How can we expose cool kio_slaves to more users' eyes?
KDE needs to find ways to expose the many different KIO Slaves and their usefulness to more users' eyes. How about this:
- separate the protocol part from the host/path in the various addressing fields/location bars.
- turn the protocol part into an (editable) drop down list of available items.
This could be used in Konqui's location bar as well as in File Open dialogs of various applications. Here's a quick'n'dirty mockup:
I can already hear the objections (as I heard them when I tried to discuss the idea at aKademy with some people):
- "This makes it more difficult -- users are used to type 'http://' or 'ftp://'..."
- "How do I then 'copy'n'paste' a complete URL from the address field?"
- "This looks too different from what I am used."
I do not think KDE users would have much difficulty to adapt to a little change here. After all, they adpated to tabbed browsing quite easily too, despite all the objections of people claiming that "Multi Document Interfaces" (MDI) were deprecated and not well liked by users....
Copy'n'Paste?
I am sure some KDE hackers will very quickly come up with a way to copy the complete URL correctly from the address field, even if the protocol part came from a drop down list....
Looks too different?
OK -- make it configurable then. Find an easy way to switch it back to the "old", traditional look'n'feel. Best, if you could switch it on and off directly inside the new location bar widget.
I recently saw Eric Laffoon supporting a similar idea in a discussion on the Dot. So maybe the suggestion finds a few more supporters, and even someone who can implement it.

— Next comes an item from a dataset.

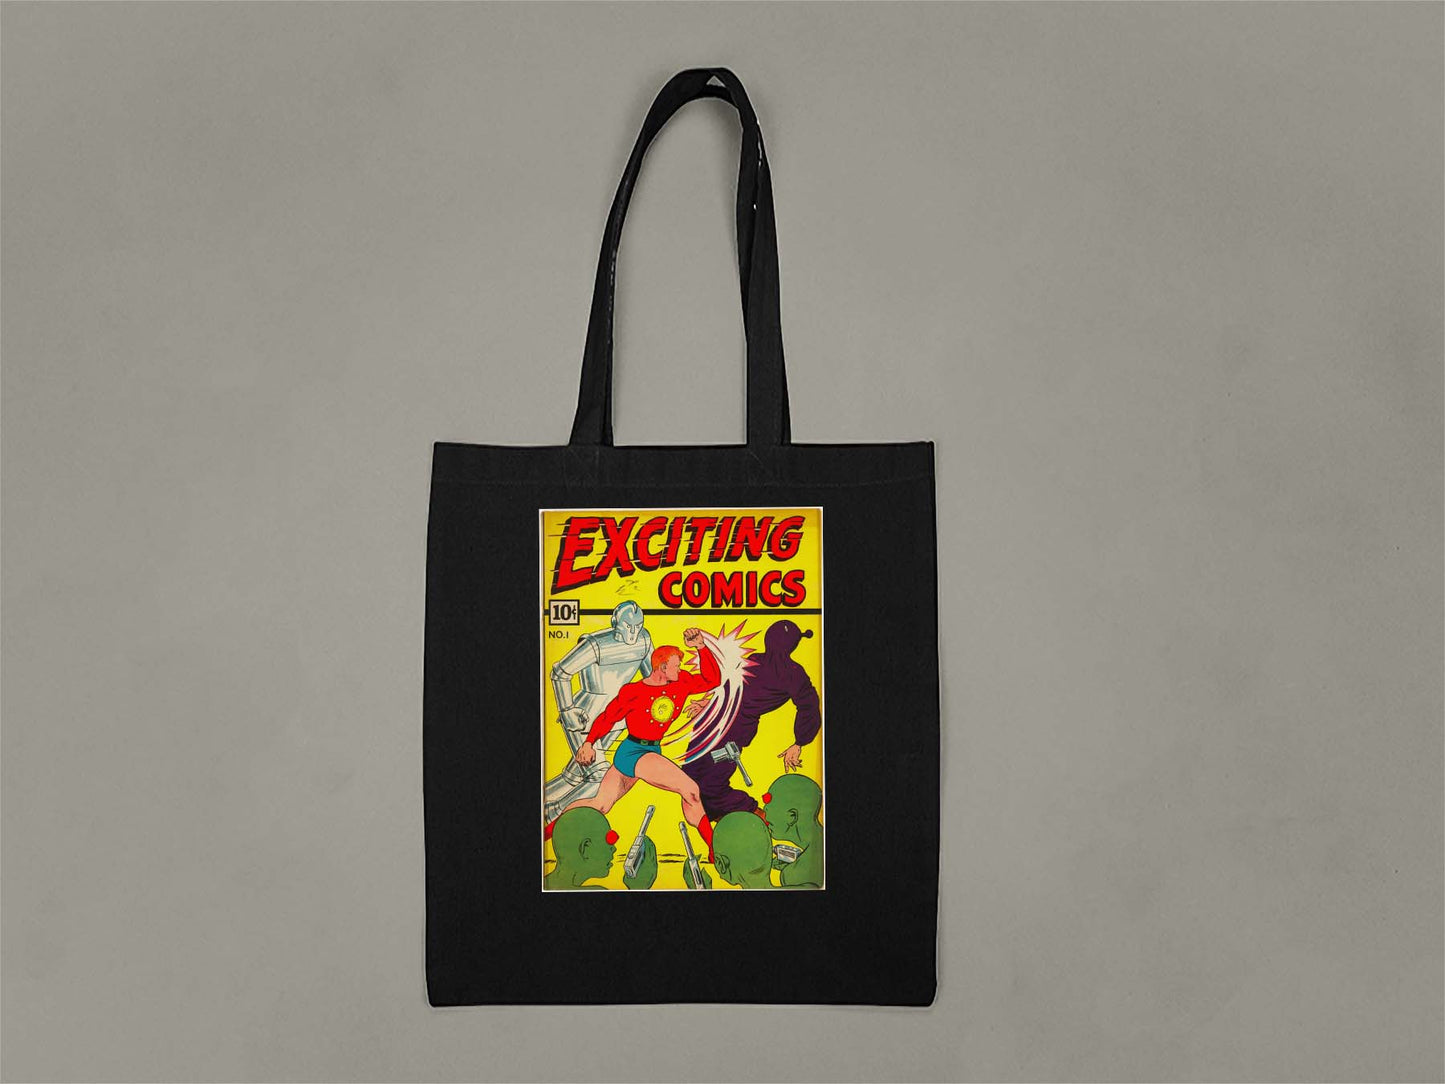 Exciting Comics No.1 Tote Bag  Black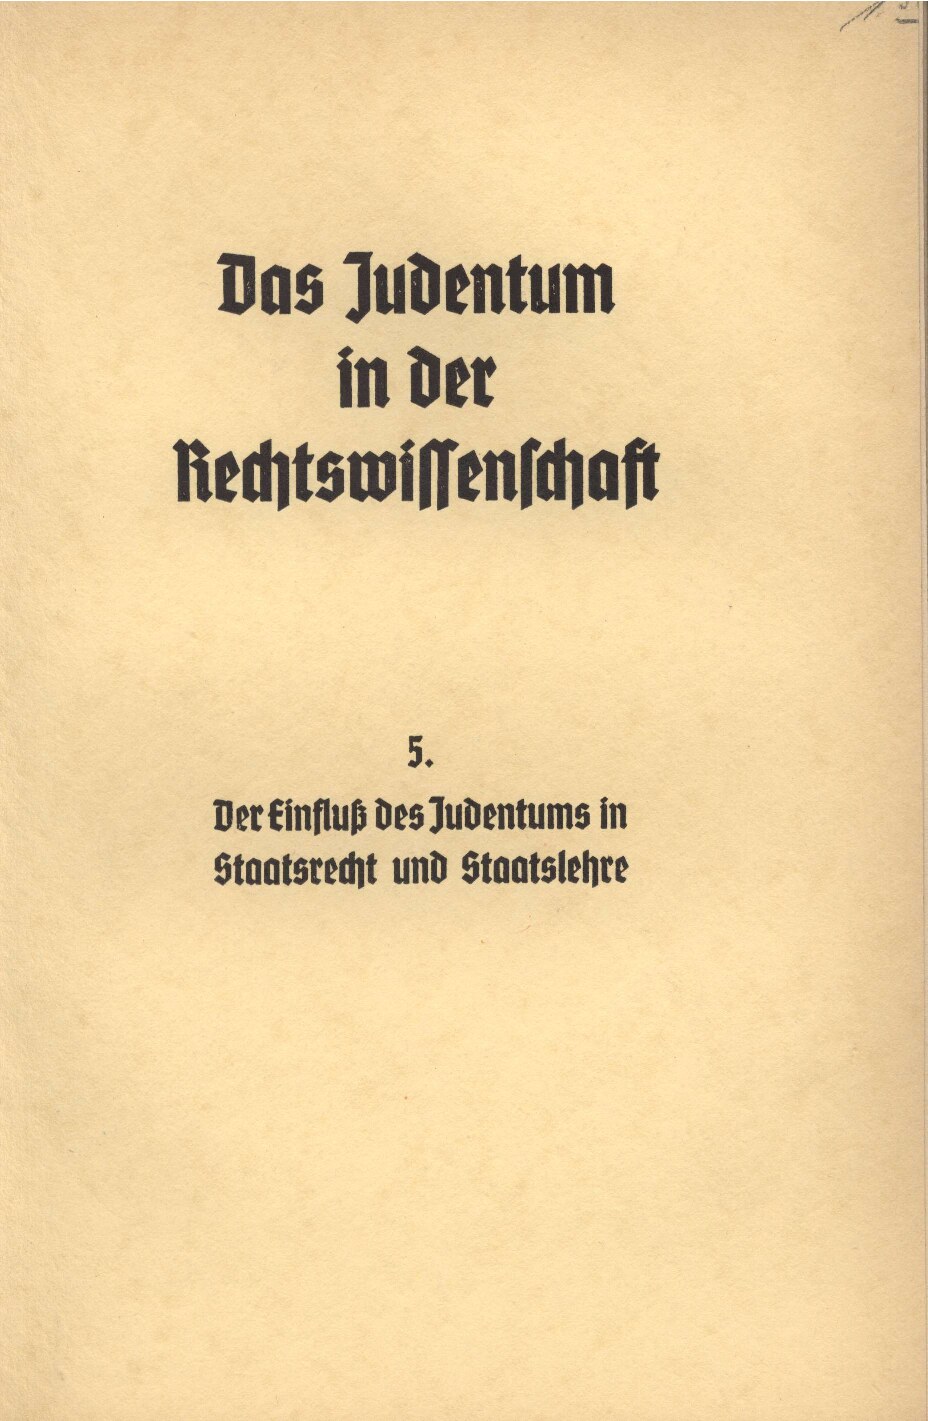 Das Judentum in der Rechtswissenschaft - 5. - Der Einfluss des Judentums in Staatsrecht und Staatslehre (1938, 40 S., Scan, Fraktur)

It would for sure expose our KIO Slaves to much more users. Users using them strengthen KDE and Linux in many ways, turning them into much more confident ambassadors for our platform. Many of our KIO Slaves with their respective protocol handlers such as 'fish://', 'webdav://', 'vnc://', 'print:/', 'locate:/', 'info:/',
'man:/', 'fonts:/', 'camera:/', 'audiocd:/', 'settings:/' or 'trash:/' are still very much underrated und rarely used. Not because they are un-usable -- but because their existence and power is too little known. Anything that increases their visibility Is Good (TM).